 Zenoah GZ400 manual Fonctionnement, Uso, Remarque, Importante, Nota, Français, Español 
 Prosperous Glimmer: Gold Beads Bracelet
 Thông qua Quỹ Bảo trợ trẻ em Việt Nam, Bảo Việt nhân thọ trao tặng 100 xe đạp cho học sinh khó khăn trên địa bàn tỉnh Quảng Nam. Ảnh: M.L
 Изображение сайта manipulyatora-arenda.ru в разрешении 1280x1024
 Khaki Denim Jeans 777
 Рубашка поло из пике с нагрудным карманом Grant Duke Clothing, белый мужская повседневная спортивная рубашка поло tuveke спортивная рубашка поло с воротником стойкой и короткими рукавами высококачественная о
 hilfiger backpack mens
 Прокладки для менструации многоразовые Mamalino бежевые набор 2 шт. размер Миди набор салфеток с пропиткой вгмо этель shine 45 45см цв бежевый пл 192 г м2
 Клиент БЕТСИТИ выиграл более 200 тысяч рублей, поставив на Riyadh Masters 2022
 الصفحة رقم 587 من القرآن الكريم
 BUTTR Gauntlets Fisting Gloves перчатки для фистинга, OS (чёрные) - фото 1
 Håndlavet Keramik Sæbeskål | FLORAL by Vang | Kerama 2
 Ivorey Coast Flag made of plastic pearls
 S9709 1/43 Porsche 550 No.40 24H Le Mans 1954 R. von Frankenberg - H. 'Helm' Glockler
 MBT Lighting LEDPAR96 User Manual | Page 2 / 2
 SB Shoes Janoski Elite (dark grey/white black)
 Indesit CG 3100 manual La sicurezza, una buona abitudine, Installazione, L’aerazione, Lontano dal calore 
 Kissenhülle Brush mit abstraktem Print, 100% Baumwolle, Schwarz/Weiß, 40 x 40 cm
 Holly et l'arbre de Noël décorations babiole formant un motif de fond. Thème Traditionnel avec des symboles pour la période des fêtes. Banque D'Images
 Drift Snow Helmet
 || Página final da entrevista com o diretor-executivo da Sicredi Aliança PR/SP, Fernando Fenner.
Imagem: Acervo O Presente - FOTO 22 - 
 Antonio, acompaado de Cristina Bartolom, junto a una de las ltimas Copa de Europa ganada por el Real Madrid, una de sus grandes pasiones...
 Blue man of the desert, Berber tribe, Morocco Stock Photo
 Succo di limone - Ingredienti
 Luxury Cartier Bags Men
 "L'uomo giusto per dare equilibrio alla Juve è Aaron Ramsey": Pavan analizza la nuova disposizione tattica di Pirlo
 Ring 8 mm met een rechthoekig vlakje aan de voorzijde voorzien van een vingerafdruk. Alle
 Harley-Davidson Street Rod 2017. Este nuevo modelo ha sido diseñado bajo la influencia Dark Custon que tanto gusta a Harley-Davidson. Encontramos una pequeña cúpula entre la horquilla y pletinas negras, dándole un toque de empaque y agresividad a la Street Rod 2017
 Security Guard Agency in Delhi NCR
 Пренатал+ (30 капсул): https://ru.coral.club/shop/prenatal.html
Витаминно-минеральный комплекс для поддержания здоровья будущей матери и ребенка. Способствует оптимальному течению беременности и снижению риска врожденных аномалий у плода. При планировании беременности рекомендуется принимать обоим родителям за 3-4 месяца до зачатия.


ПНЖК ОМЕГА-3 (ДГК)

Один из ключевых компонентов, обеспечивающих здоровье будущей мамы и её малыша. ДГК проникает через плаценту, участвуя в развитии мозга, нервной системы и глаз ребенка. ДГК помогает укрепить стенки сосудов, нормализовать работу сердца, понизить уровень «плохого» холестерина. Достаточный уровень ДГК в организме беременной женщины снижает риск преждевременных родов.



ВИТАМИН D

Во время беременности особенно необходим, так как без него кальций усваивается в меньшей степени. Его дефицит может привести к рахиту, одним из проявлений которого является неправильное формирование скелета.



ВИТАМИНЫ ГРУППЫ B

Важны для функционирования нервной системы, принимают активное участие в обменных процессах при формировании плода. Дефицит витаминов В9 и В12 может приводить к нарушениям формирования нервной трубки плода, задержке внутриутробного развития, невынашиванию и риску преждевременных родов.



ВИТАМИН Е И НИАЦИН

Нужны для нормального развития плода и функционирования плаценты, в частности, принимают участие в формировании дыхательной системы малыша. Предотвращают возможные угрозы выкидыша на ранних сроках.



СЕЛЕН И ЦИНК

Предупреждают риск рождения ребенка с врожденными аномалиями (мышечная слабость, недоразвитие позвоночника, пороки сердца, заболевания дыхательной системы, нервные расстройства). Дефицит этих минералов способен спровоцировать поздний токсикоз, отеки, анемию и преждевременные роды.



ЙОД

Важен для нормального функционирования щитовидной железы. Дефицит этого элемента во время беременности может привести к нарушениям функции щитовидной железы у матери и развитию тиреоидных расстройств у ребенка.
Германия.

## Task directions
List the lines of the material in which the word "нарушениям" occurs.

## Response for this exercise
Важны для функционирования нервной системы, принимают активное участие в обменных процессах при формировании плода. Дефицит витаминов В9 и В12 может приводить к нарушениям формирования нервной трубки плода, задержке внутриутробного развития, невынашиванию и риску преждевременных родов.
Важен для нормального функционирования щитовидной железы. Дефицит этого элемента во время беременности может привести к нарушениям функции щитовидной железы у матери и развитию тиреоидных расстройств у ребенка.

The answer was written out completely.